Однако многие, менее к нему благосклонные, наблюдавшие его вблизи и знавшие его пристрастие к таинственности, к необыкновенному одеянию и душистым притираниям, разделяли подозрение относительно иммунитета, однако не против любви вообще, а лишь против любви к женщине. Флорентино Ариса знал об этом и никогда не пытался эти подозрения рассеять. Не беспокоили они и Сару Норьегу. Точно так же, как и другие бесчисленные женщины, которых он любил, и даже те, которые доставляли ему удовольствие и получали удовольствие вместе с ним без любви, она приняла его таким, каким он и был на самом деле: приходящим мужчиной.

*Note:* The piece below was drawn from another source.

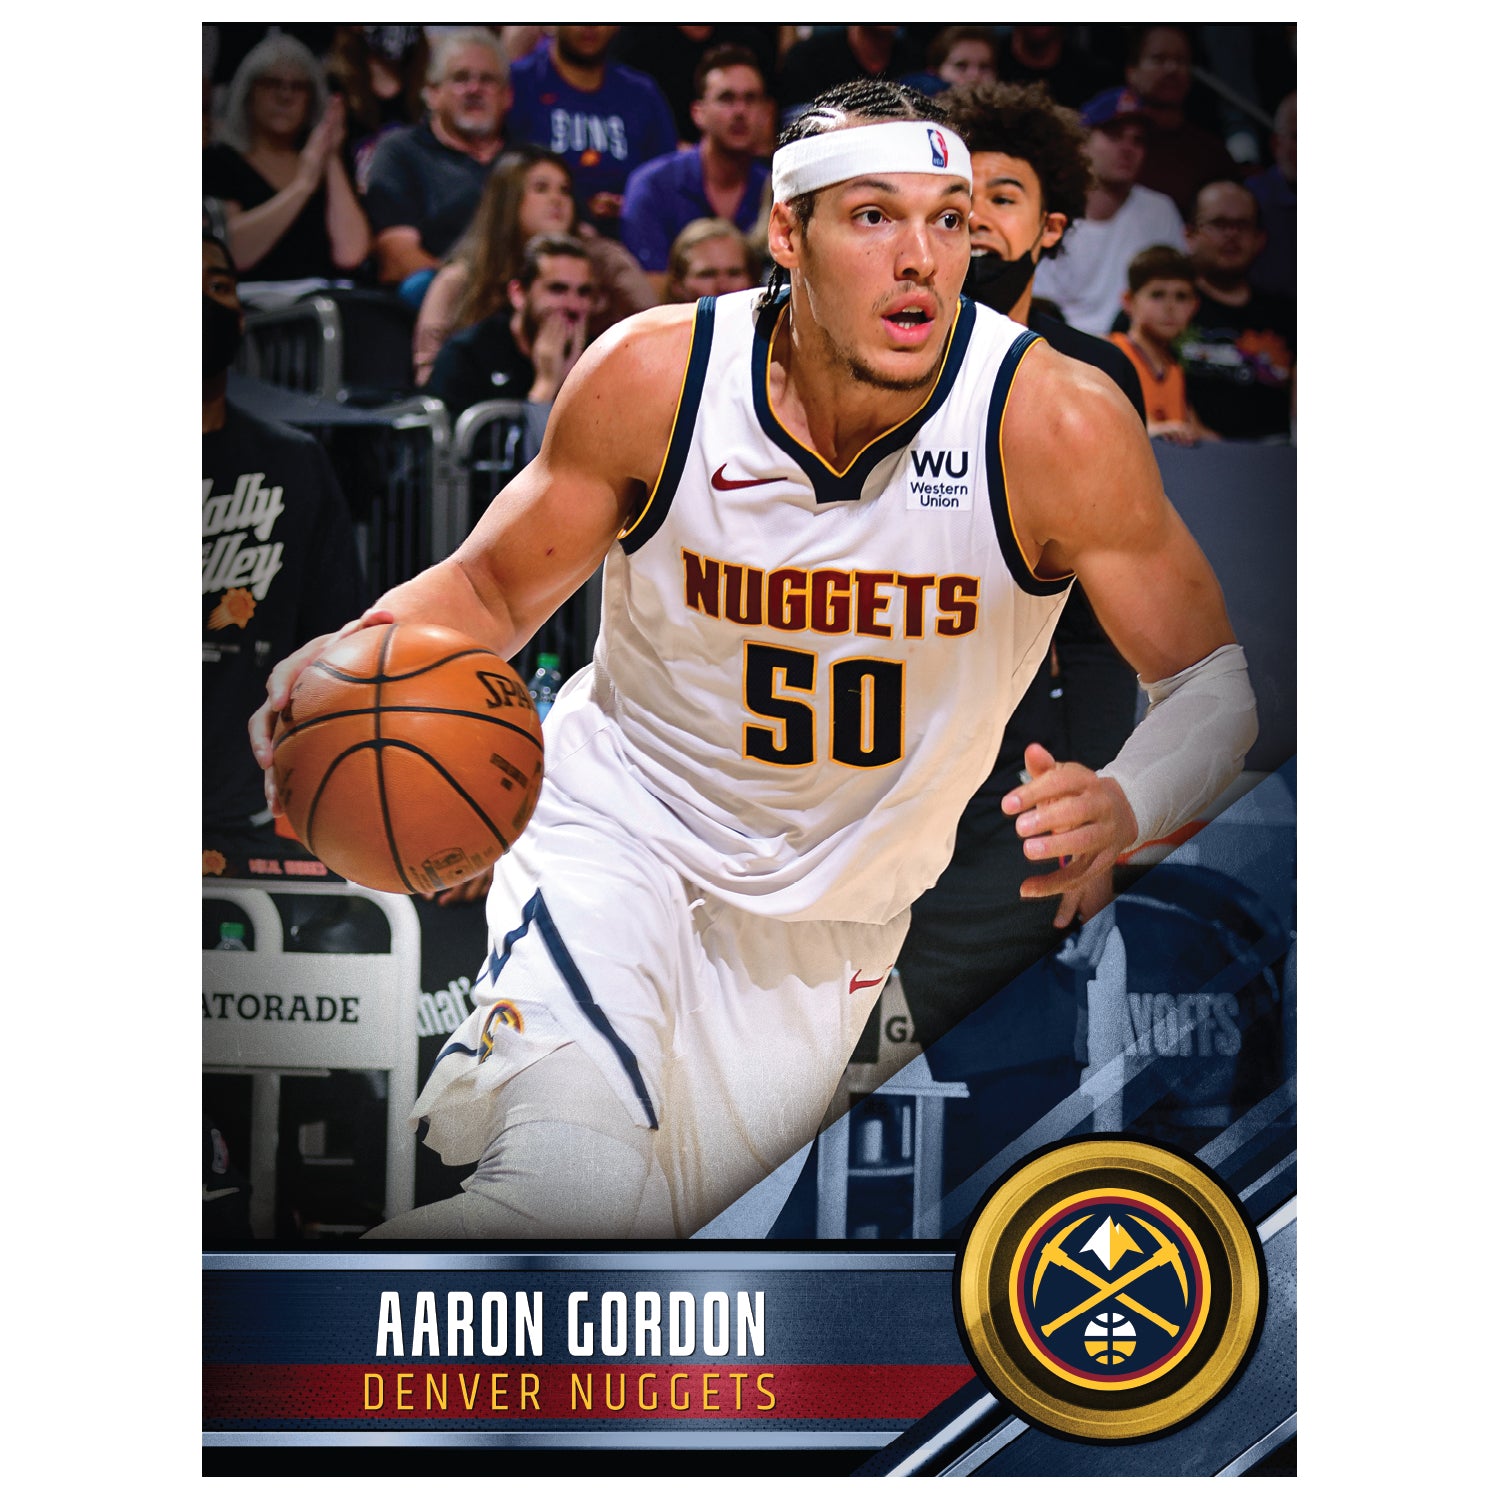 Denver Nuggets: Aaron Gordon 2021 Poster - Officially Licensed NBA Rem

В конце концов он стал приходить к ней в дом в любой час дня и ночи, чаще всего — по утрам в воскресенье, самое спокойное время. Она тотчас же бросала то, чем занималась, и отдавала всю себя без остатка, чтобы сделать его счастливым на всегда готовой принять его огромной изукрашенной постели, где не допускались никакие церковные формальности или ограничения. Флорентино Ариса не понимал, как незамужняя женщина без всякого прошлого могла быть так умудрена в обращении с мужчиной и как ухитрялось ее большое и сладостное тело двигаться в постели с той же легкостью и плавностью, с какой скользит под водой дельфин. Она объясняла просто: любовь, как ничто другое, — природный талант. И говорила: «Или умеешь это от рождения, или не сумеешь никогда». Флорентино Арису переворачивало от запоздалой ревности при мысли о том, что, возможно, у нее было гораздо более содержательное прошлое, чем представлялось, но пришлось смириться, сам он говорил ей, как и всем остальным, что она у него — единственная. Не доставляло ему удовольствия и присутствие в постели разъяренного кота, но что поделаешь; и Сара Норьега подстригала коту когти, чтобы он не расцарапывал их до крови, пока они предавались любви.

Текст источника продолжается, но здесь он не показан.